Patients with a pre-existing neurological disorders hospitalized for COVID-19 were more likely to die (adjusted hazard ratio = 1.90 [CI:1.57, 2.28], P < 0.005) whereas patients non-hospitalized for COVID-19 had similar mortality rate (aHR = 0.85 [CI:0.47, 1.54]. P = 0.59) compared to non-COVID patients. Patients with a neurological disorders (hospitalized for COVID-19 aHR = 1.76 [CI:1.53, 2.03], P < 0.005; not hospitalized for COVID-19: aHR = 1.50 [CI:1.09, 2.05], P = 0.01) were more likely to experience a MACE compared to non-COVID-19 patients. Blacks (aHR = 1.49) and Hispanics (aHR = 1.35) had a higher risk of post-COVID-19 MACE. Both hospitalized and non-hospitalized COVID-19 patients were more likely to develop altered mental status, fatigue, sleep disturbance, dyspnea compared to non-COVID patients (p < 0.05).

CONCLUSIONS

Patients with pre-existing neurological conditions who contracted SARS-CoV-2 were more likely to have worse outcomes compared to controls after adjusting for major competing risks.
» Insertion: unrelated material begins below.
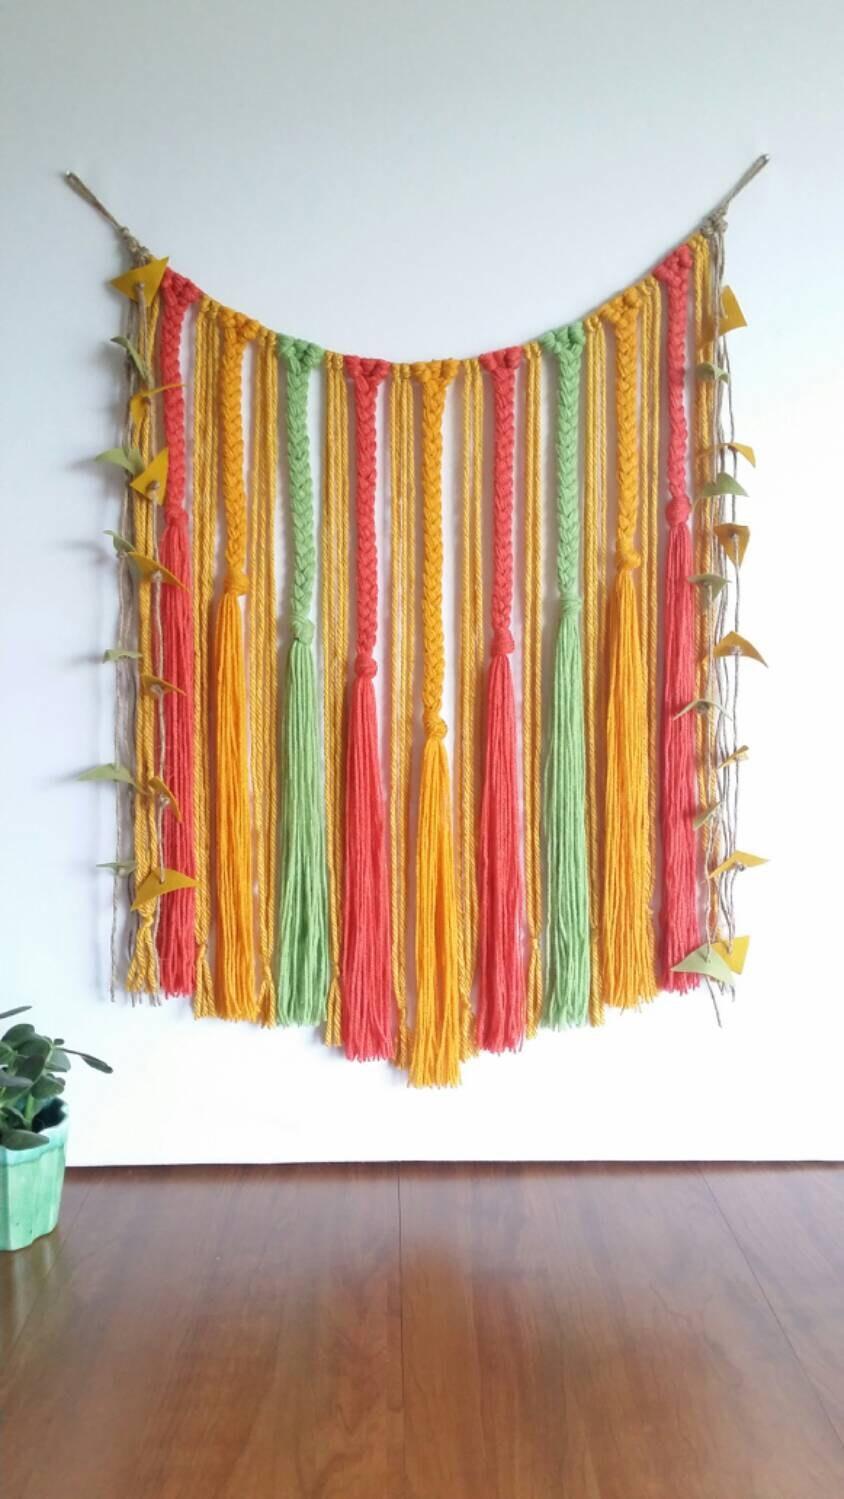 Yarn wall hanging braided colorful wool felt bohemian for Yarn wall art

Identifying at-risk individuals could enable more diligent follow-up.

摘要

目的

本研究调查了既往有神经系统疾病的患者在感染新冠病毒后长达3.5年的预后情况。

方法

这项回顾性研究纳入了蒙特菲奥里医疗系统(位于布朗克斯区,时间为2016年1月至2023年7月)的1664例新冠病毒感染患者(其中1320例因急性新冠病毒感染住院)和8985例非新冠患者。既往存在的神经系统疾病包括痴呆、轻度认知障碍、多发性硬化症和帕金森病。主要结局为新冠病毒感染后的全因死亡率和主要不良心血管事件(MACE)。次要结局为新冠病毒感染后的抑郁、焦虑、疲劳、头痛、睡眠障碍、精神状态改变和呼吸困难。采用多变量Cox比例风险模型计算主要结局的调整后风险比。对次要结局进行累积发病率函数和Fine-Gray亚分布风险模型分析。

结果

因新冠病毒感染住院的既往有神经系统疾病的患者死亡风险更高(调整后风险比=1.90[CI:1.57,2.28],P<0.005),而未因新冠病毒感染住院的患者与非新冠患者相比死亡率相似(调整后风险比=0.85[CI:0.47,1.54],P=0.59)。与非新冠患者相比,患有神经系统疾病的患者(因新冠病毒感染住院:调整后风险比=1.76[CI:1.53,2.03],P<0.005;未因新冠病毒感染住院:调整后风险比=1.50[CI:1.09,2.05],P=0.01)发生MACE的可能性更大。黑人(调整后风险比=1.49)和西班牙裔(调整后风险比=1.35)发生新冠病毒感染后MACE的风险更高。与非新冠患者相比,因新冠病毒感染住院和未住院的患者发生精神状态改变、疲劳、睡眠障碍、呼吸困难的可能性更大(P<0.05)。

结论

在调整主要竞争风险后,感染新冠病毒的既往有神经系统疾病的患者与对照组相比,预后更差。识别高危个体有助于进行更密切的随访。